Collected material
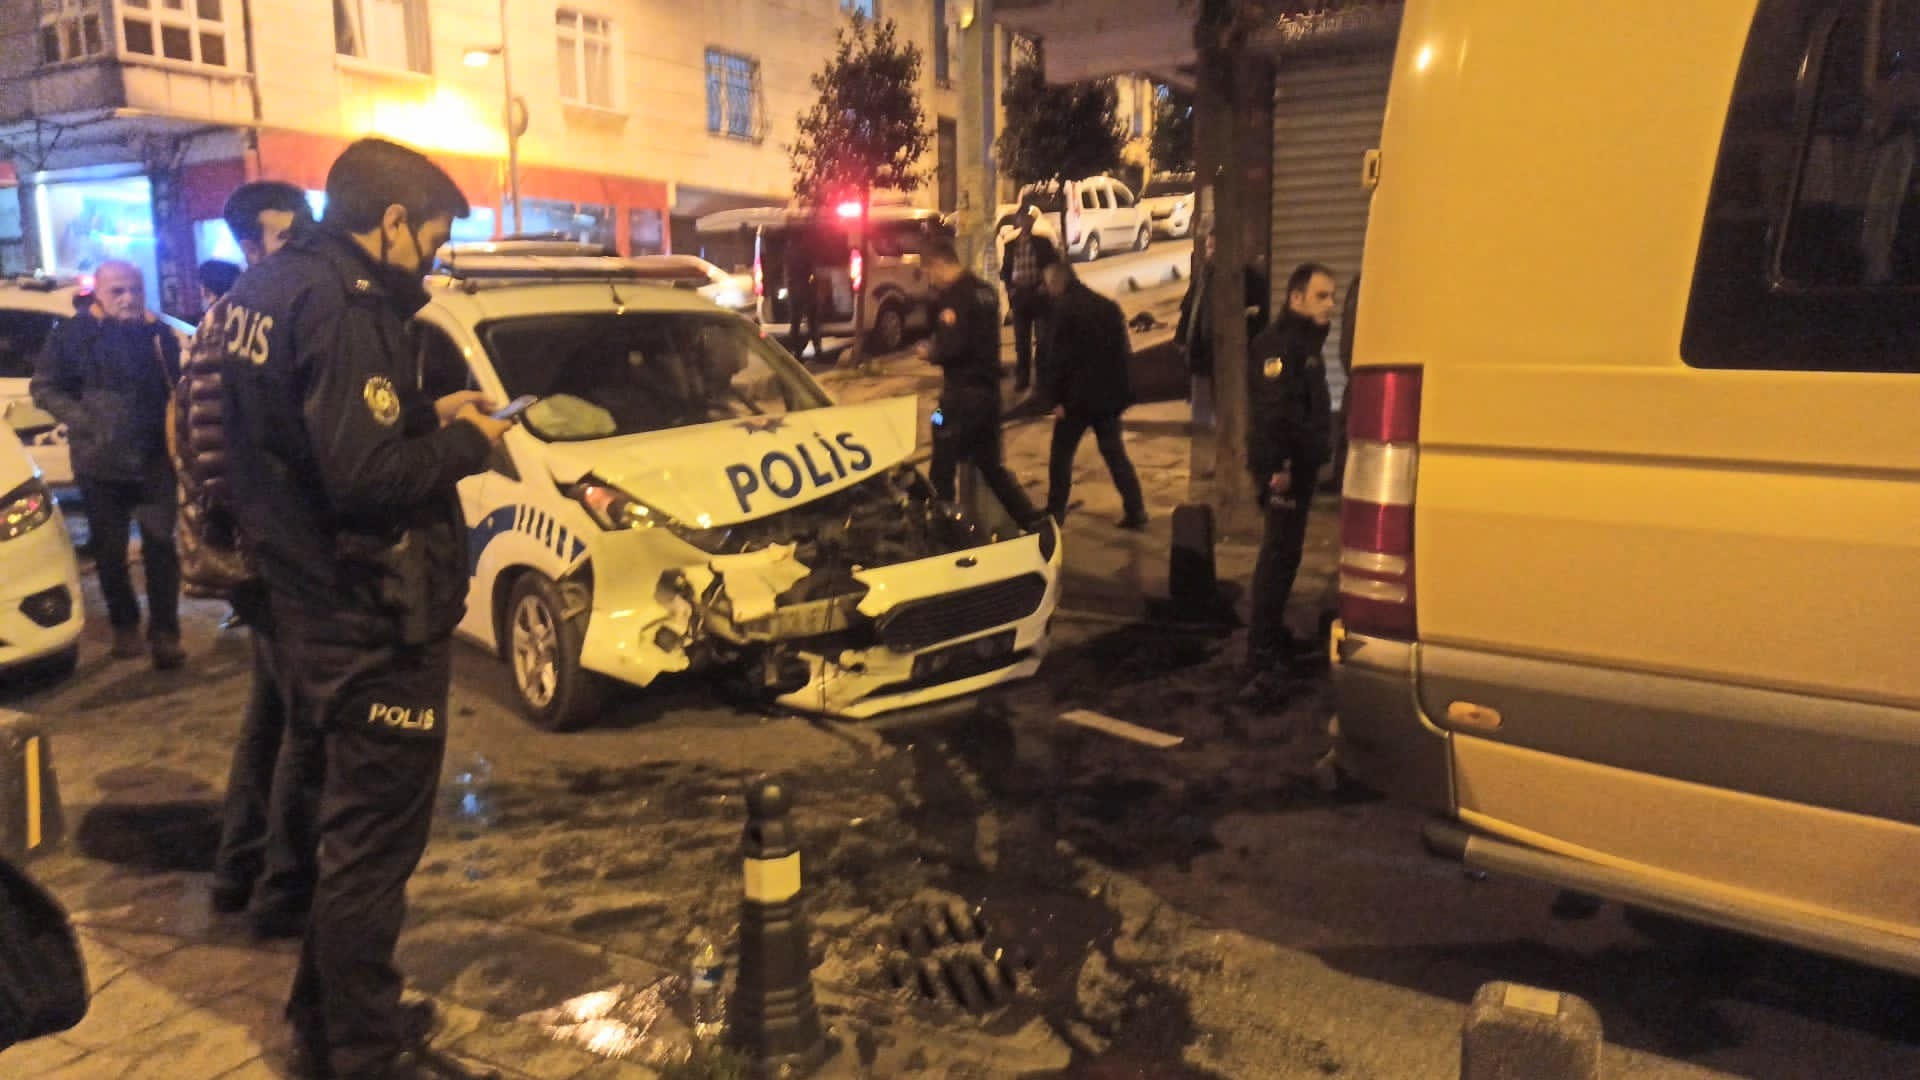 Güngören'de Polis otosu kaza yaptı 2 yaralı 
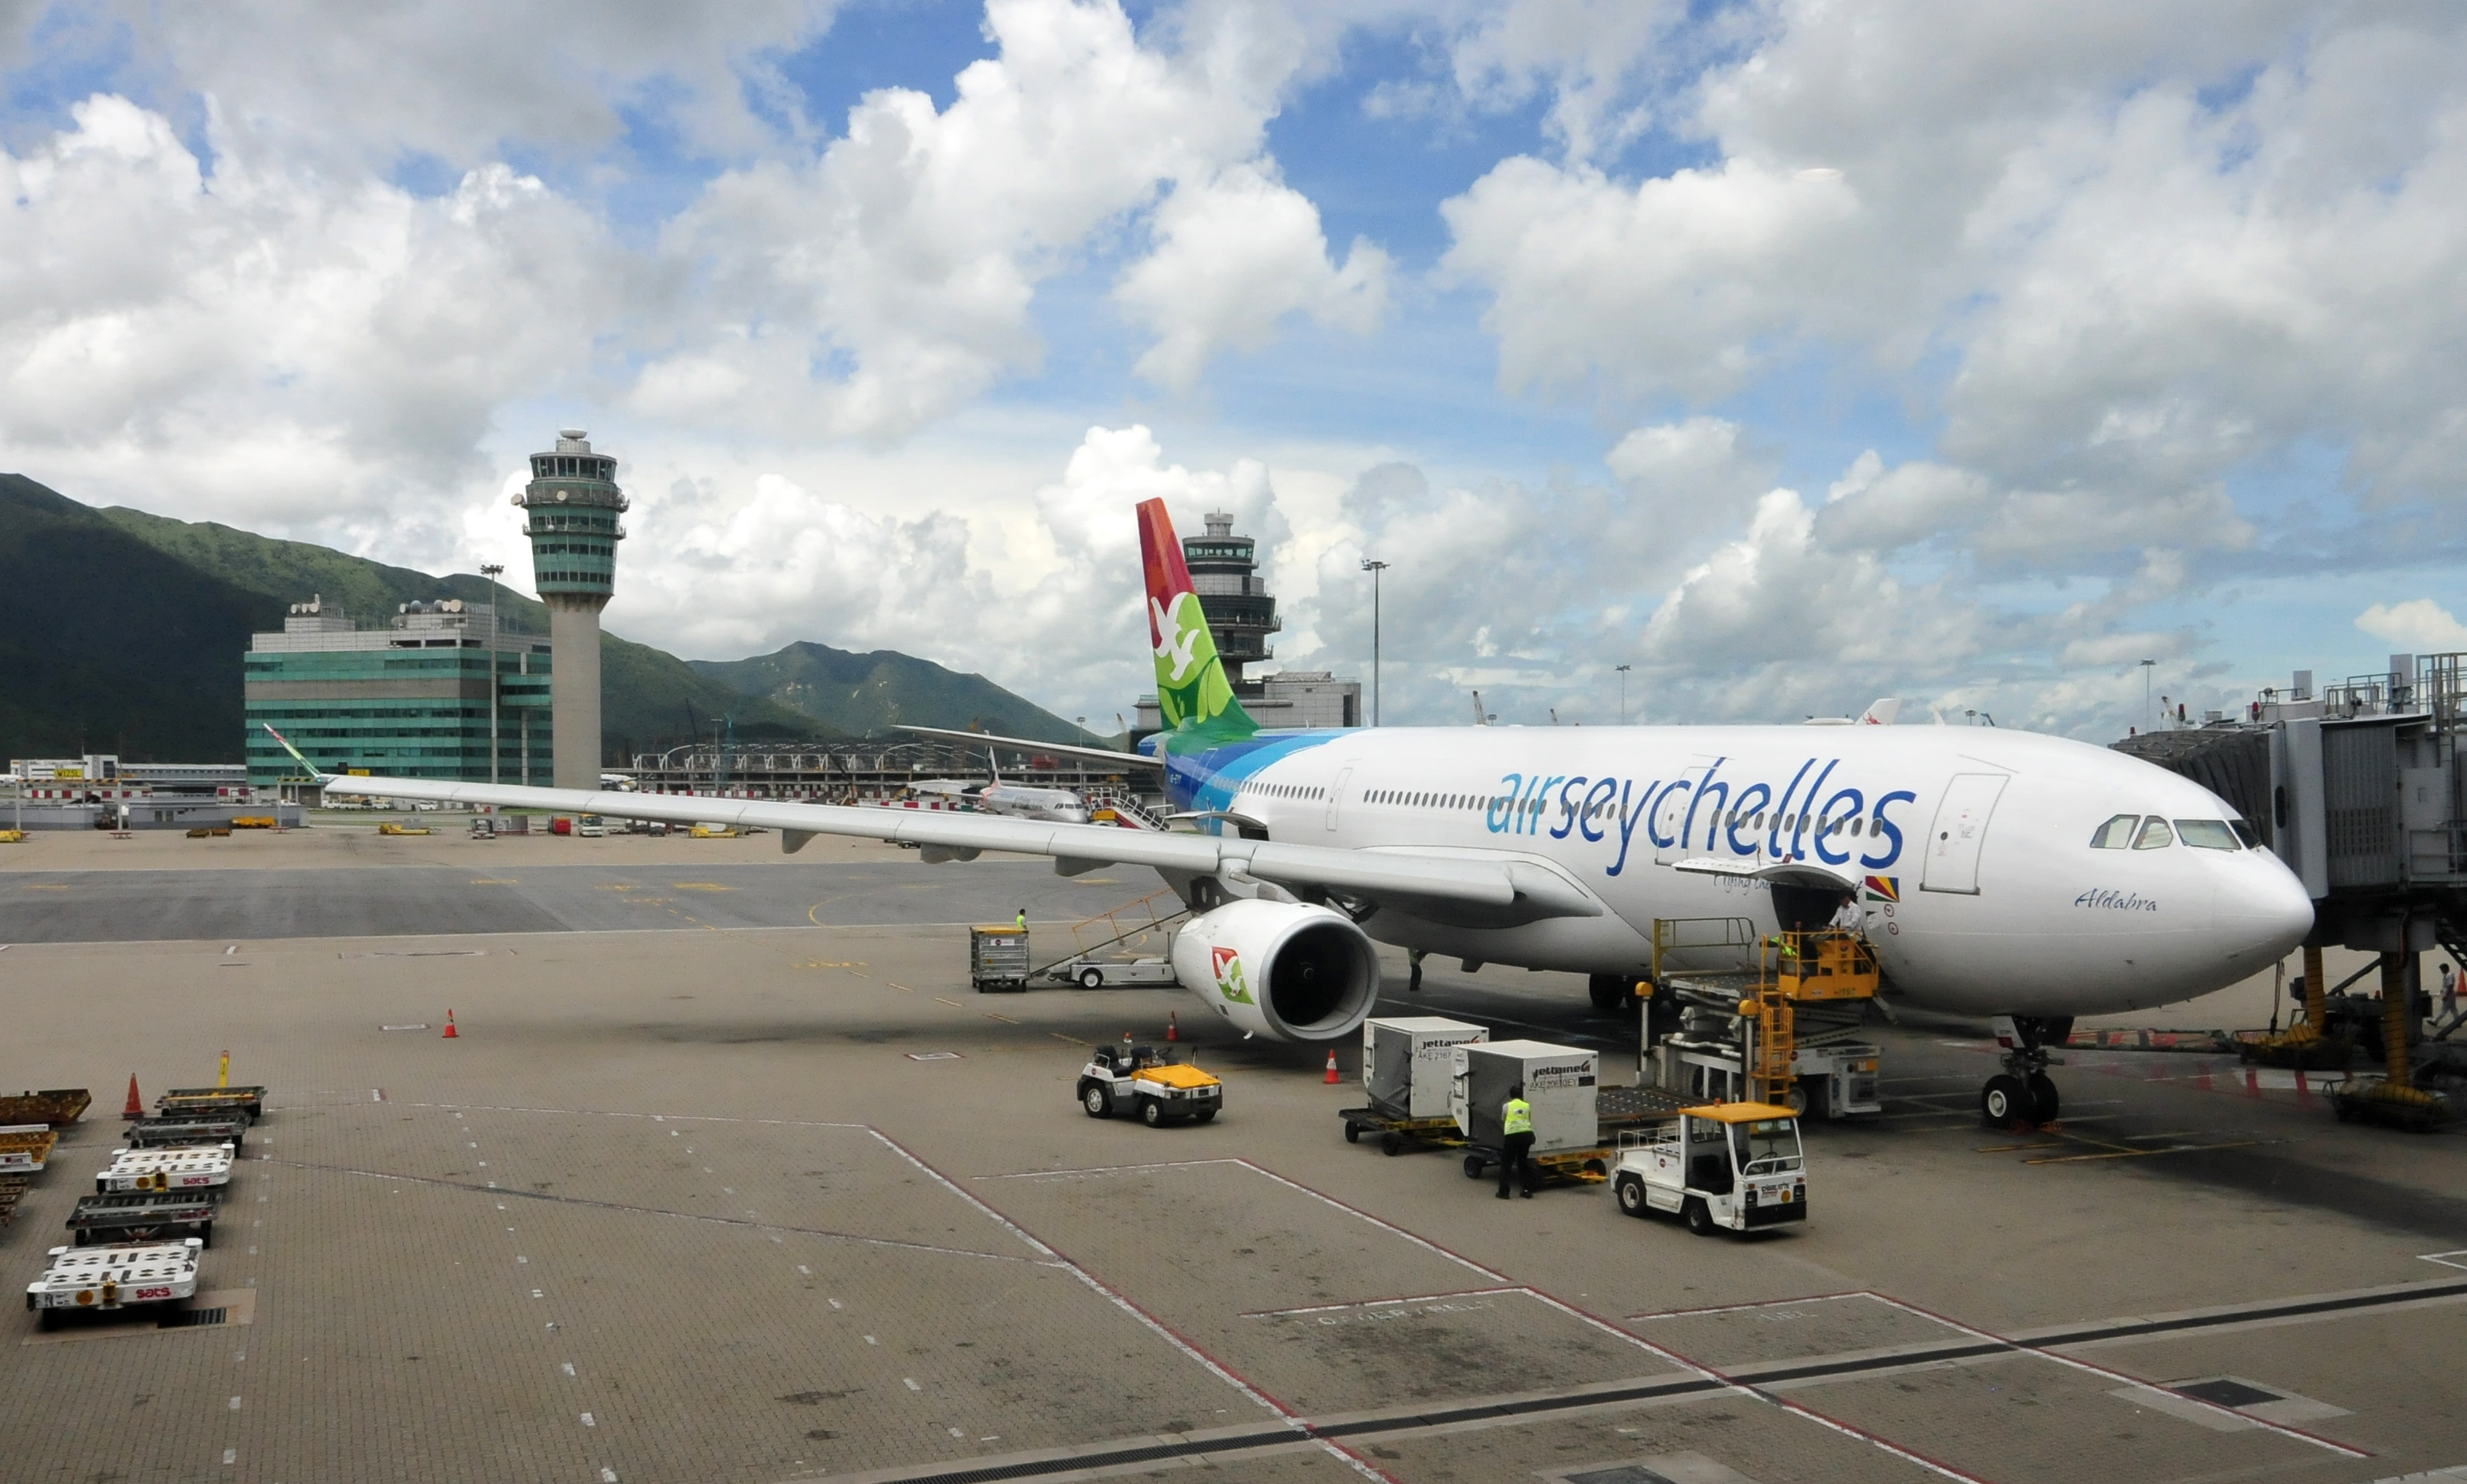 13-08-07 - Airbus A330 - hongkong airport
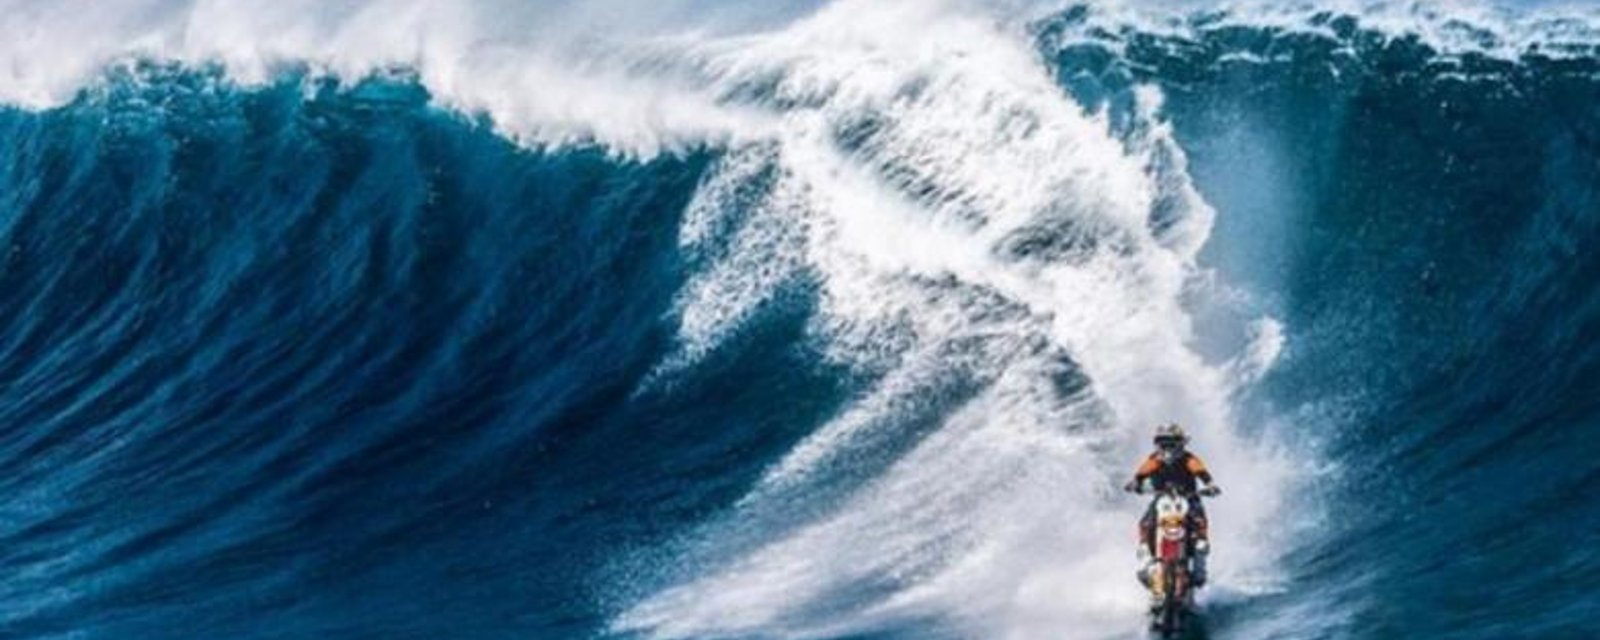 À VOIR: Un cascadeur surf une vague de la façon la plus folle qui soit!
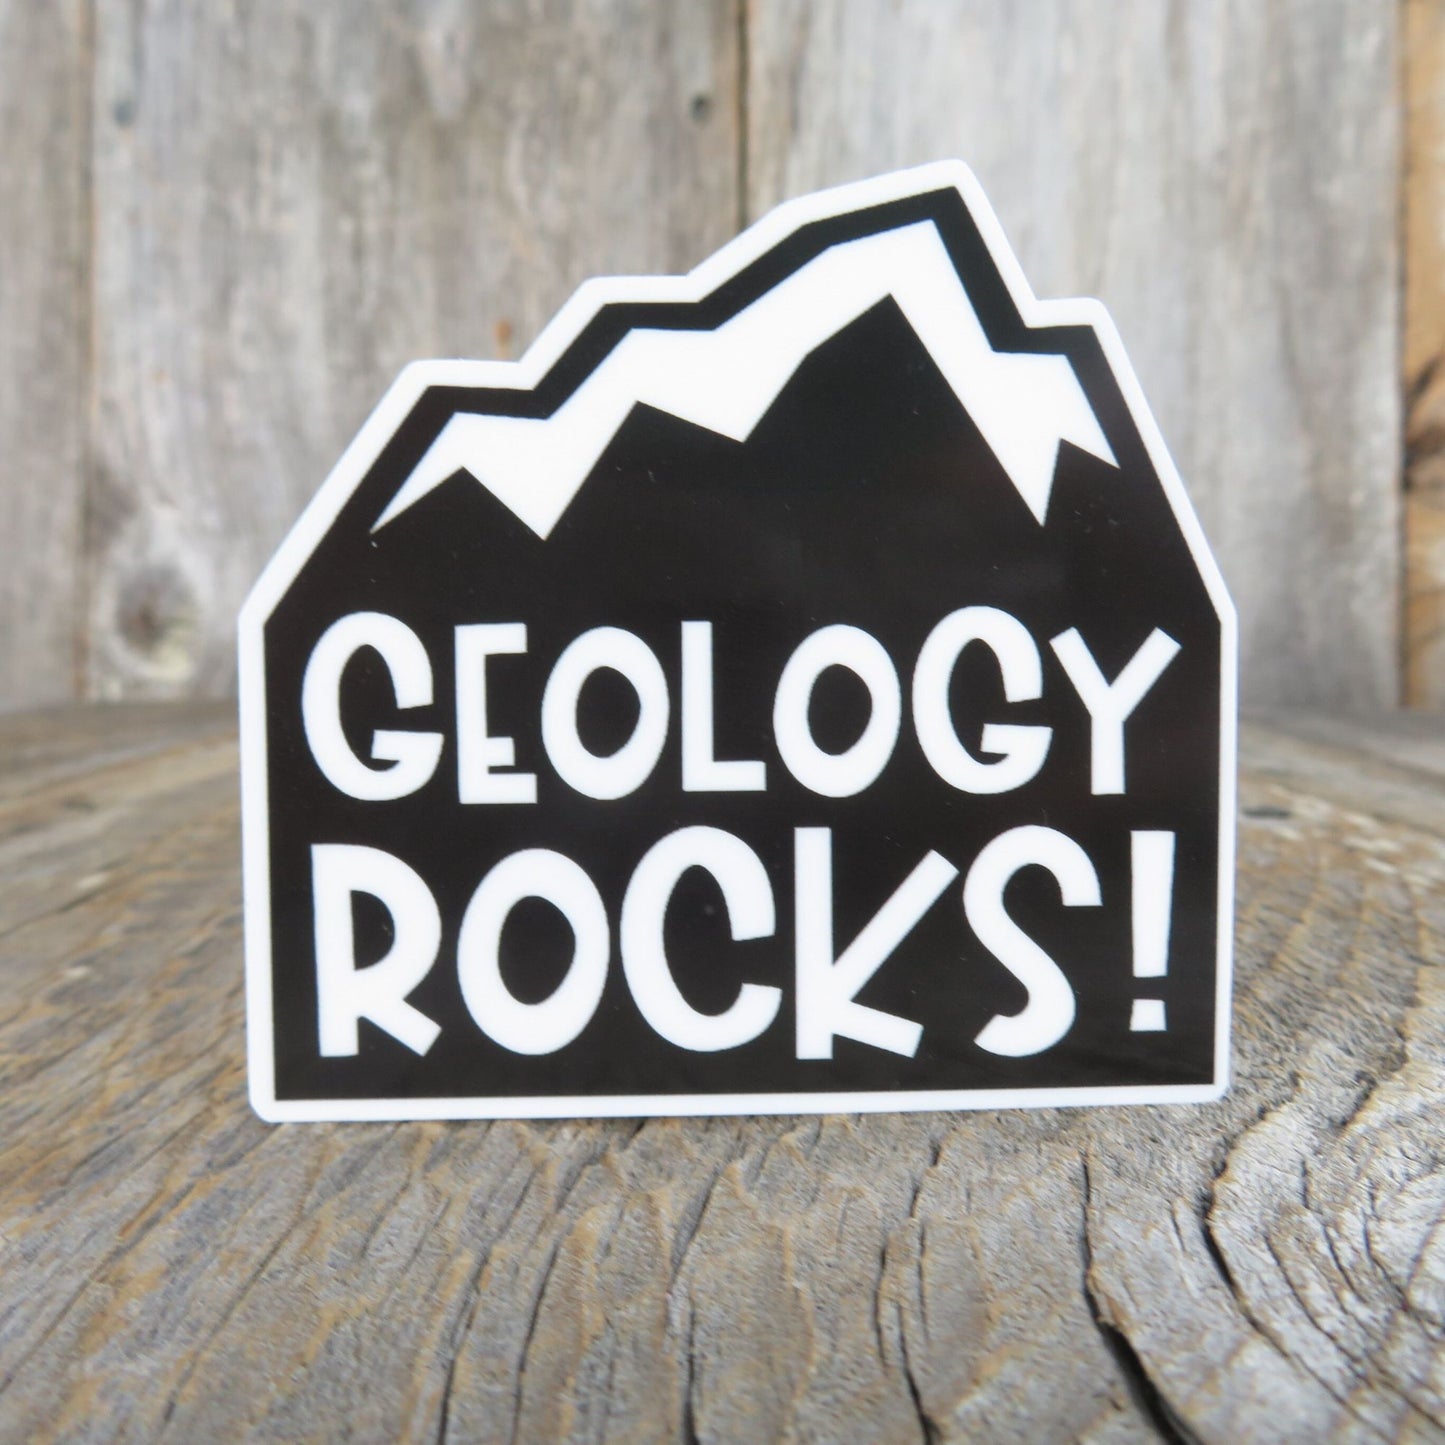 Geology Rocks Sticker Waterproof Rock Lover Geologist Humor Funny Dad Joke Science

Problem statement
Leaving out all pictures, repeat word for word the lines from the one containing "À VOIR: Un cascadeur" through the final line of the material above.

Answer section
 À VOIR: Un cascadeur surf une vague de la façon la plus folle qui soit!
 Geology Rocks Sticker Waterproof Rock Lover Geologist Humor Funny Dad Joke Science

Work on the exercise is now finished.